Traffic congestion is a costly phenomenon of everyday life. Reinforcement Learning (RL) is a promising solution due to its applicability to solving complex decision-making problems in highly dynamic environments. To train smart traffic lights using RL, large amounts of data is required. Recent RL-based approaches consider training to occur on some nearby server or a remote cloud server. However, this requires that traffic lights all communicate their raw data to some central location. For large road systems, communication cost can be impractical, particularly if traffic lights collect heavy data (e.g., video, LIDAR). As such, this work pushes training to the traffic lights directly to reduce communication cost.

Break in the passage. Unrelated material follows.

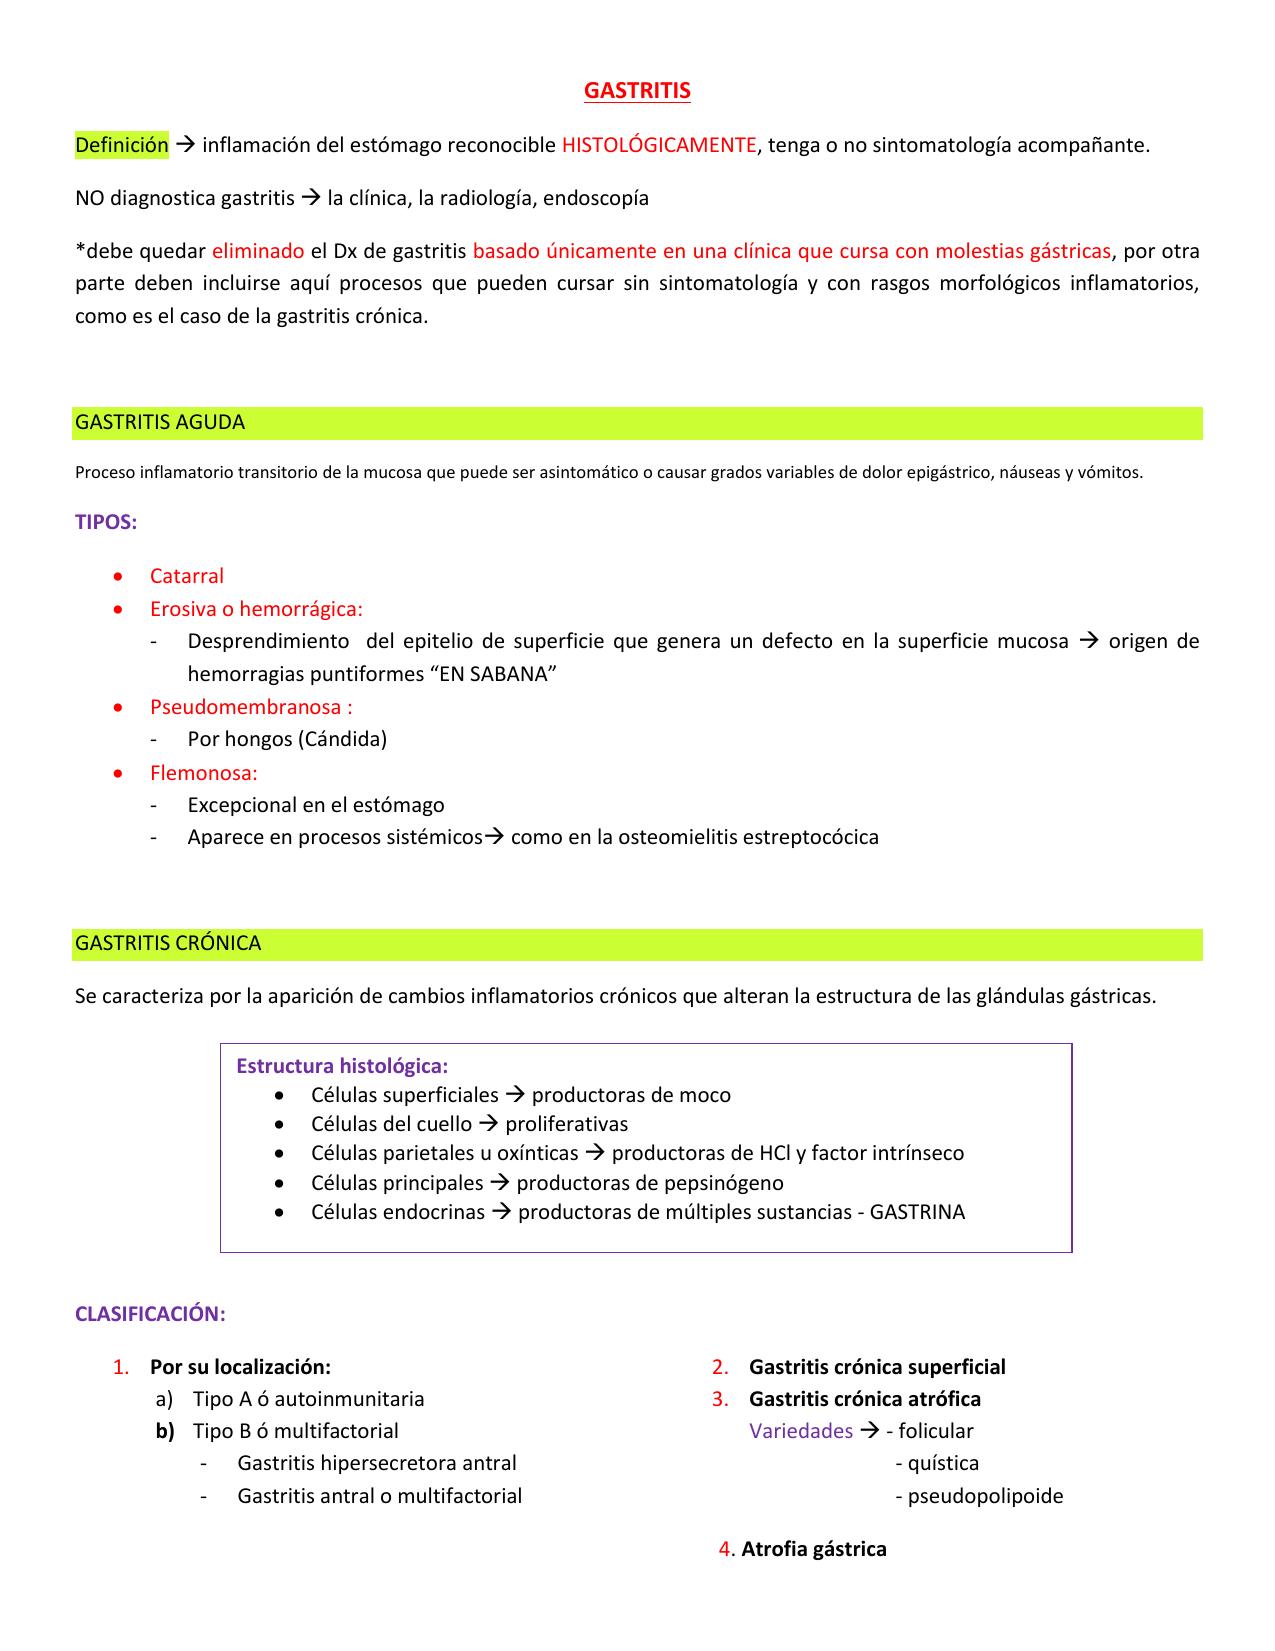 Gastritis cronica antral atrofica
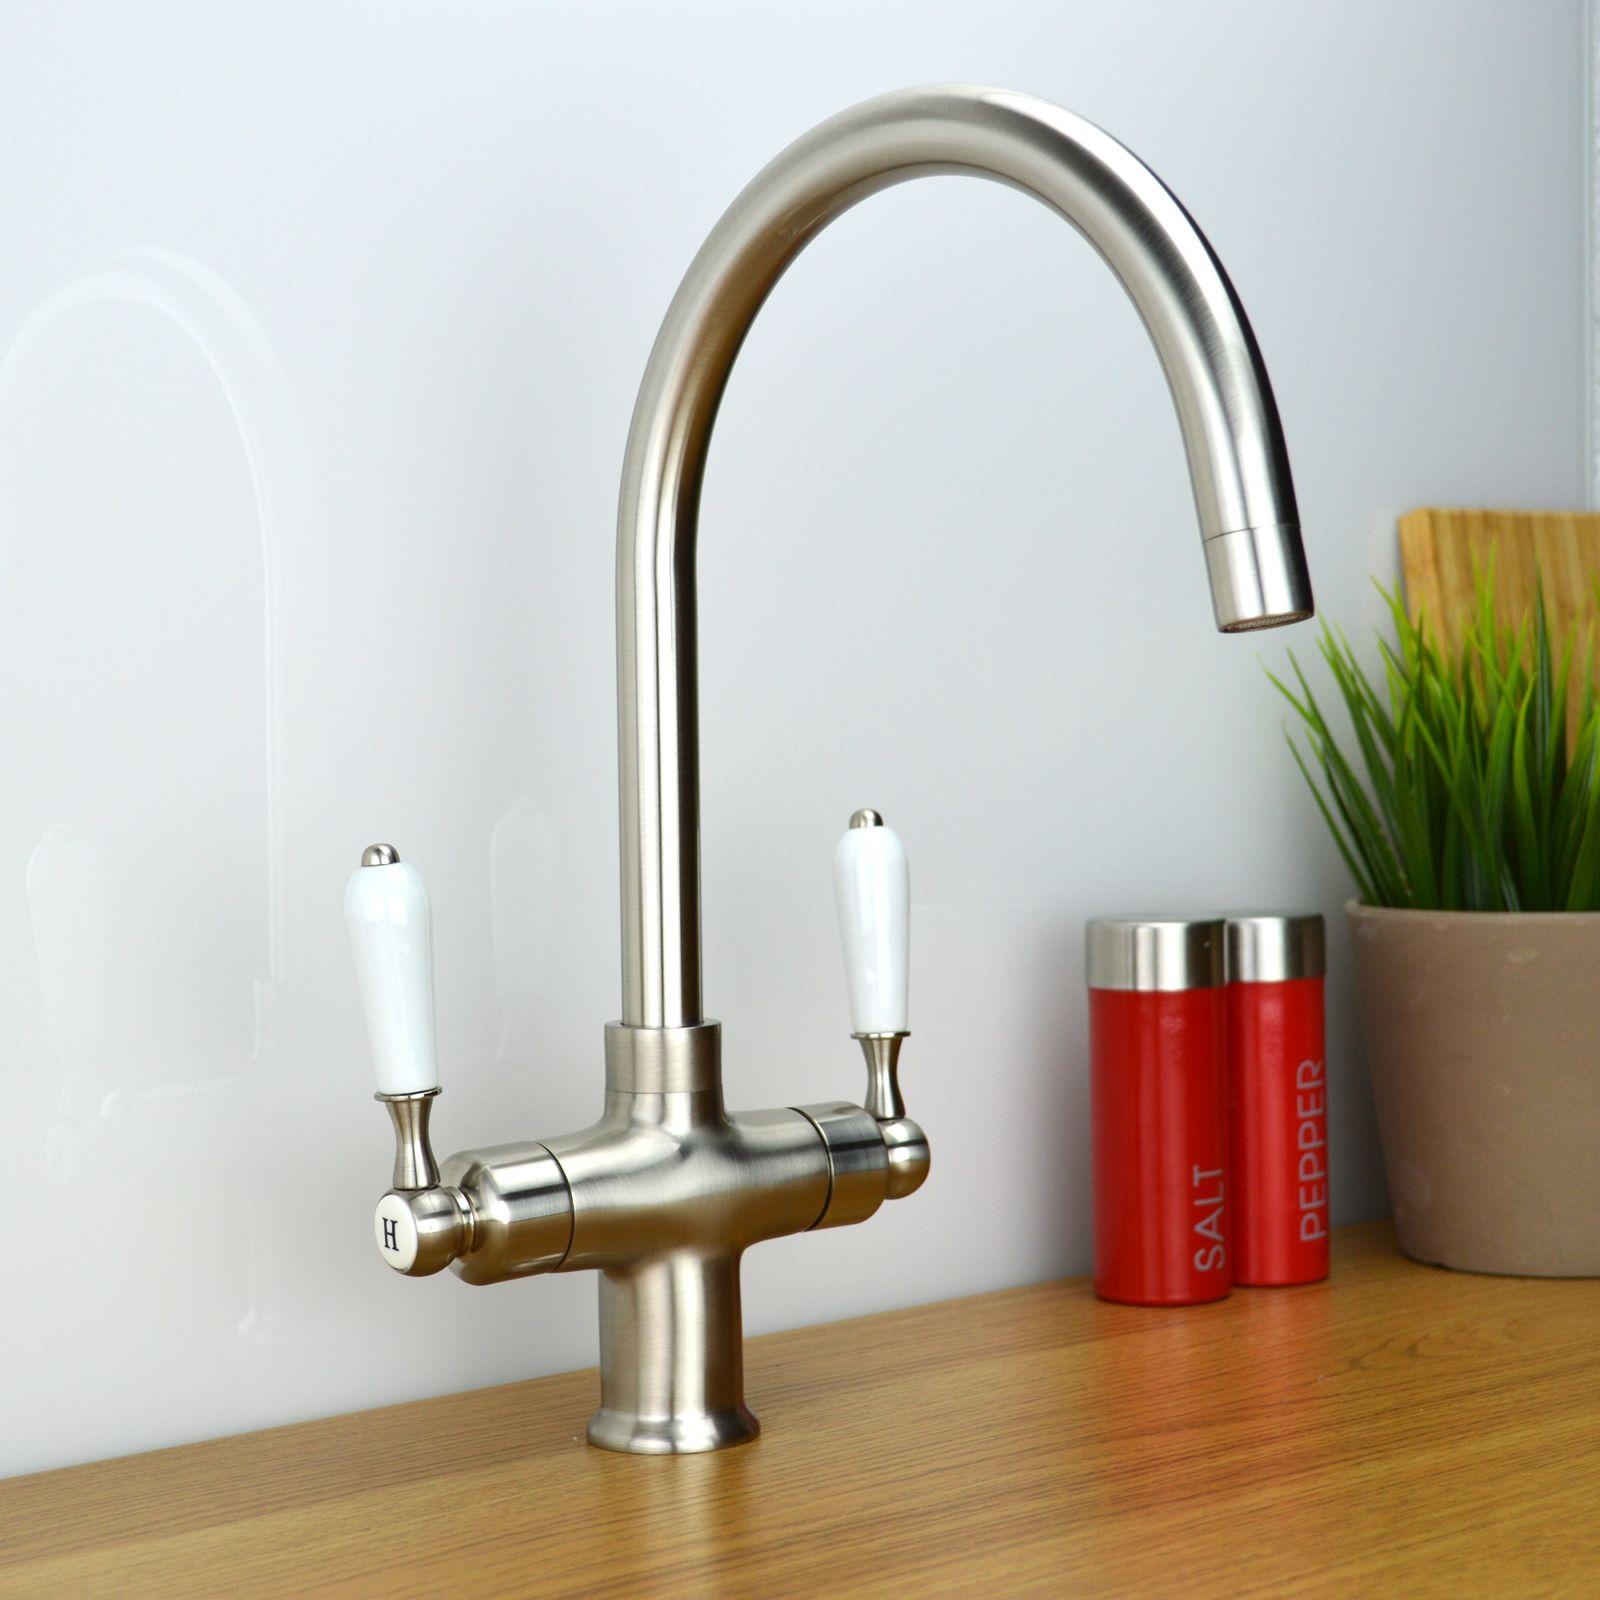 Enki Traditional Victorian Kitchen Sink Mixer Moloc Tap Br Bronze Bridge

However, completely independent learning can reduce the performance of trained models. As such, this work considers the recent advent of Federated Reinforcement Learning (FedRL) for edge-enabled traffic lights so they can learn from each other's experience by periodically aggregating locally-learned policy network parameters rather than share raw data, hence keeping communication costs low. To do this, we propose the SEAL framework which uses an intersection-agnostic representation to support FedRL across traffic lights controlling heterogeneous intersection types. We then evaluate our FedRL approach against Centralized and Decentralized RL strategies. We compare the reward-communication trade-offs of these strategies. Our results show that FedRL is able to reduce the communication costs associated with Centralized training by 36.24%; while only seeing a 2.11% decrease in average reward (i.e., decreased traffic congestion).